Motile vegetative or reproductive cells are present in all groups of algae except Cyanophyceae and Rtiodophyceae. The movement is achieved by the beating action of small filiform or thread-like protoplasmic appendages, called flagella. They vary in. number, length, position and presence or absence of hairs in different numbers. The number varies from one to four or many.
They are mainly of two types:
1. Whiplash or Acronematic:
These are hairless smooth surfaced-.flagella (Fig. 3.13A, Fig. 3.14A), and
2. Tinsel or Pleuronematic:
They are having one or more rows of lateral fine filamentous hairs known as mastigonemes or flimmers
They are further categorised into:
a. Pantonematic. Where the mastigonemes are arranged in two opposite rows (Fig. 3.13B).
b. Pantoacronematic. Pantonematic flagellum with a terminal fibril is called pantoacronematic (Fig. 3.13C).

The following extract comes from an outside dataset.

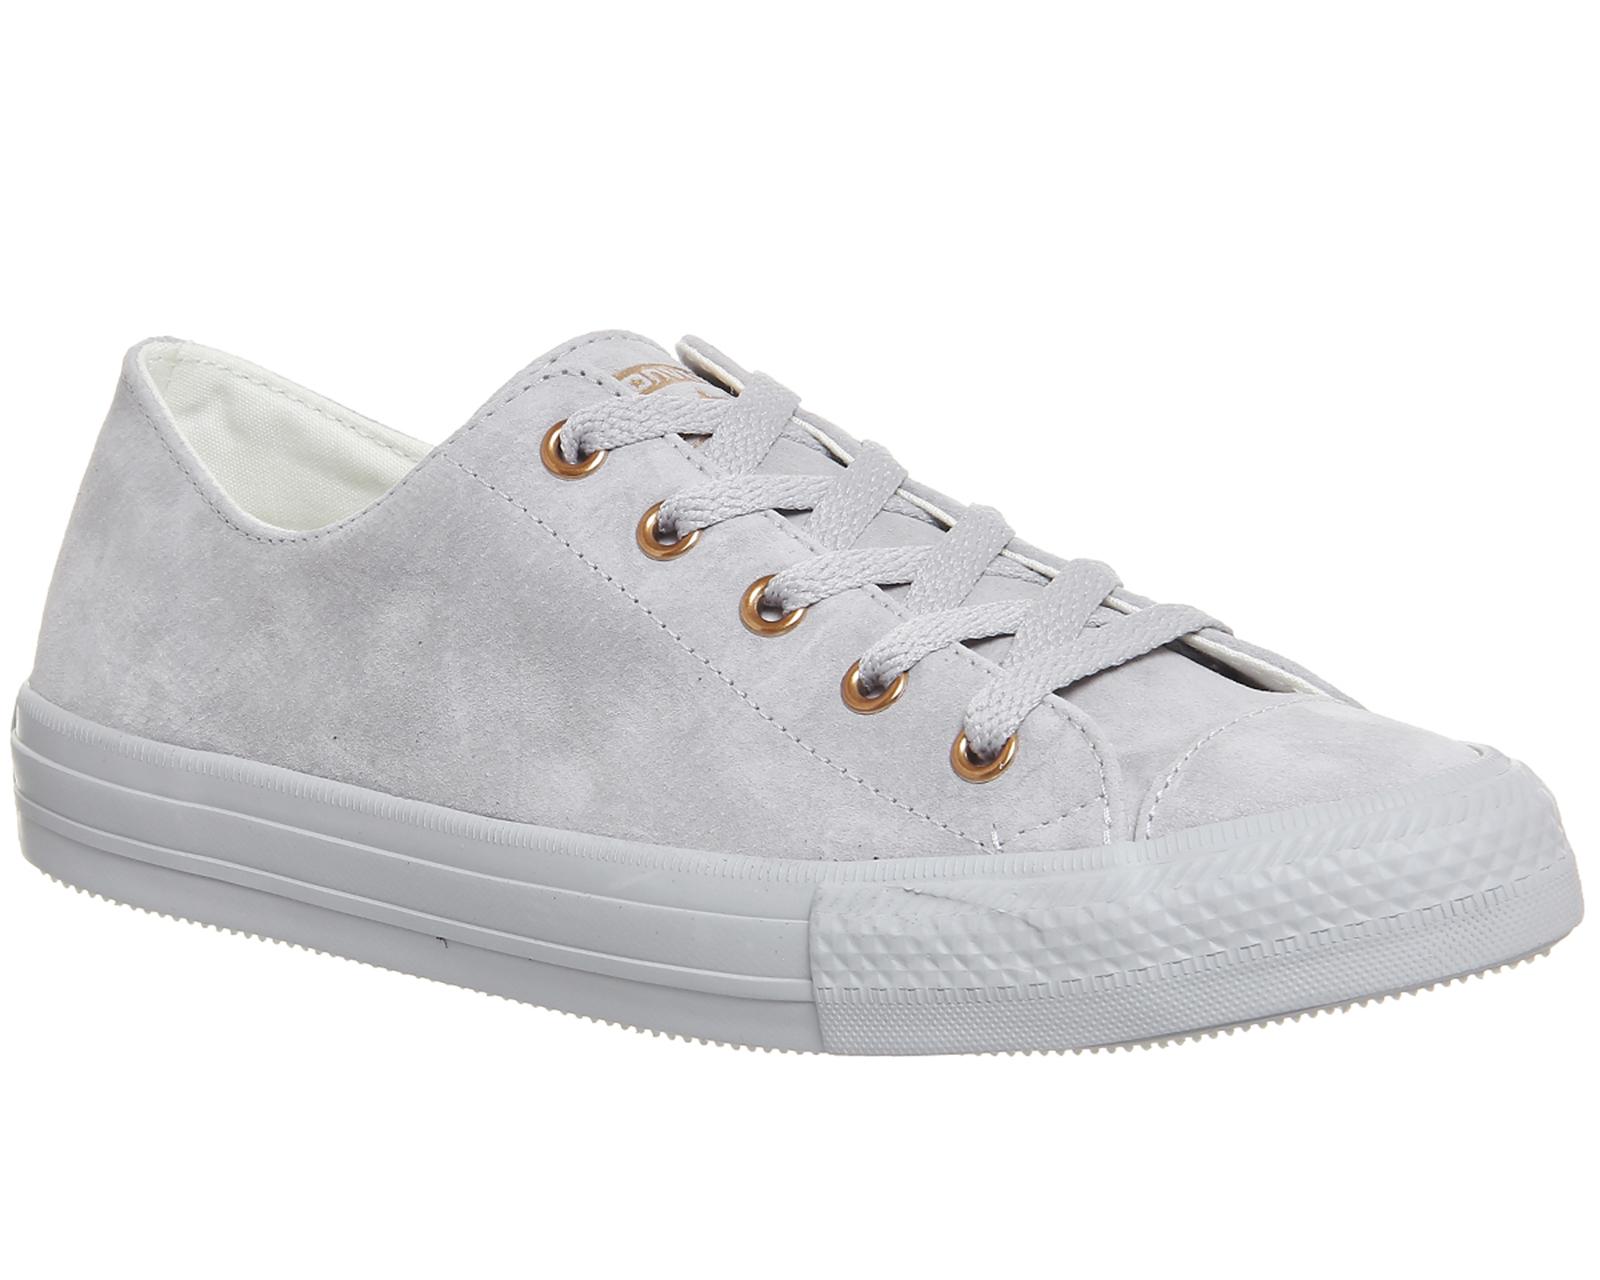 c752893788fc55 Sentinel Unisex Converse Ctas Gemma Low Grau ASH Grau ROSE GOLD EXCLUSIVE  Sneaker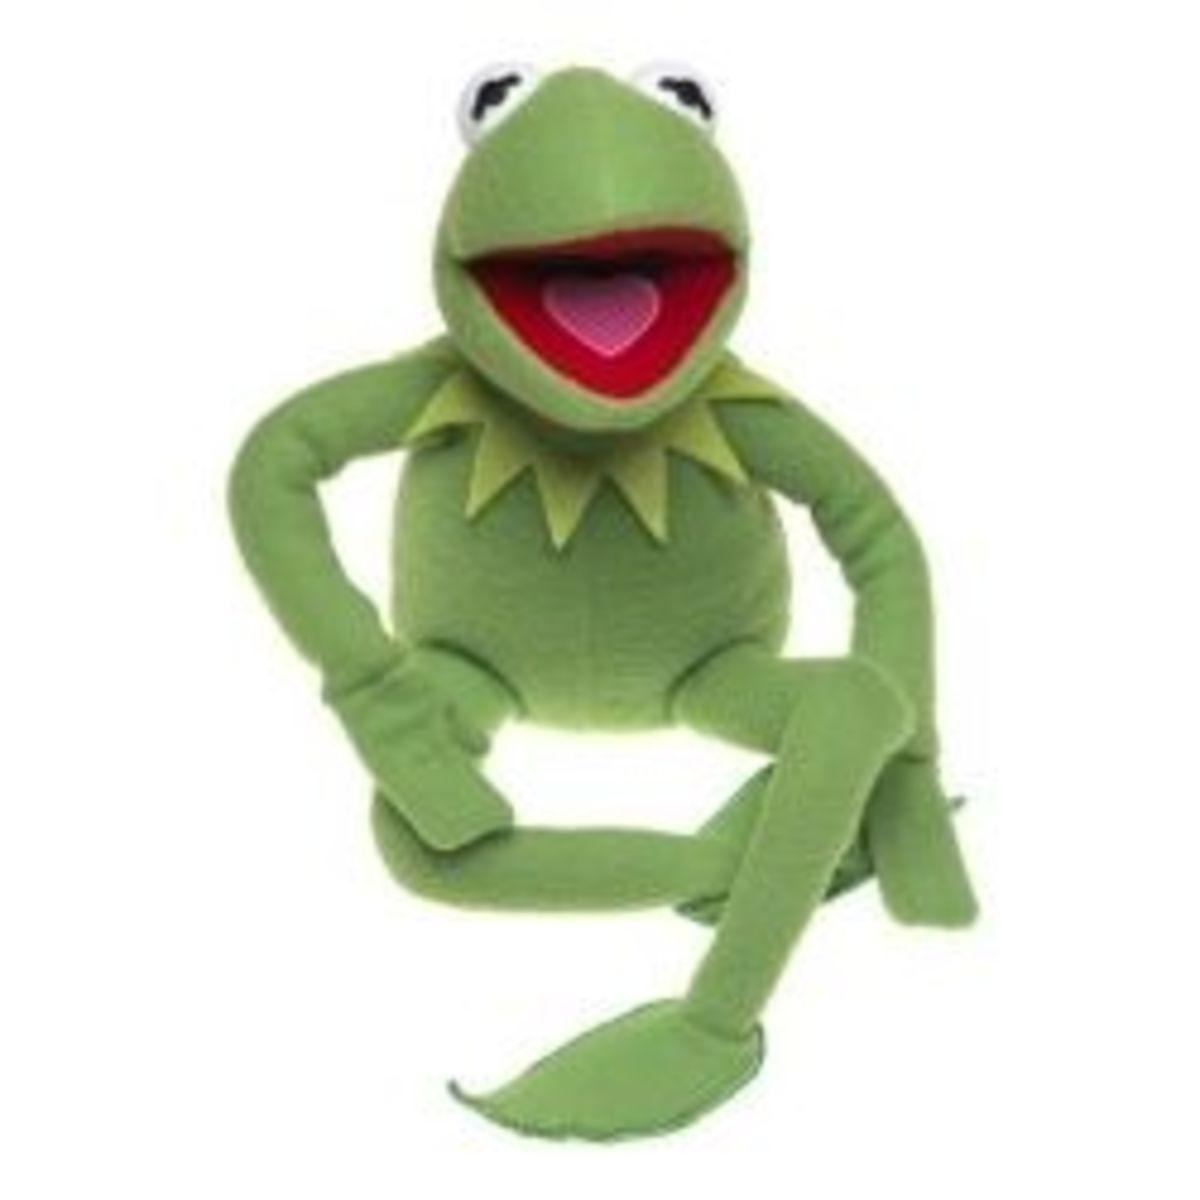 Kermit The Frog Plush

c. Stichonematic. It has one-sided mastigonemes (Fig. 3.13D).
If the number of flagella per cell is more than one and identical, it is known as isokont and when dissimilar, it is known as heterokont.
Flagellar Roots in Algae:
Flagella are the extremely fine, hyaline emergence of cytoplasm. Commonly there is a single granule at the base of each flagellum (Fig. 3.15A), the blepharoplast or basal body. If algal cell has a firm wall, the flagellum emerges through a pore.
Each flagellum has a central or axial thin filament, the axoneme. The axoneme is surrounded by a cytoplasmic membrane or sheath formed by an extension of the cell or plasma membrane. The sheath ends just short of the apex of the flagella. The apical naked portion of the axoneme is called end-piece.
In transverse section, the flagellum (Fig. 3.15B) shows two central singlet fibrils surrounded by nine peripheral doublet fibrils. Each fibril is covered by a membrane and the two central ones are further covered with an additional membrane.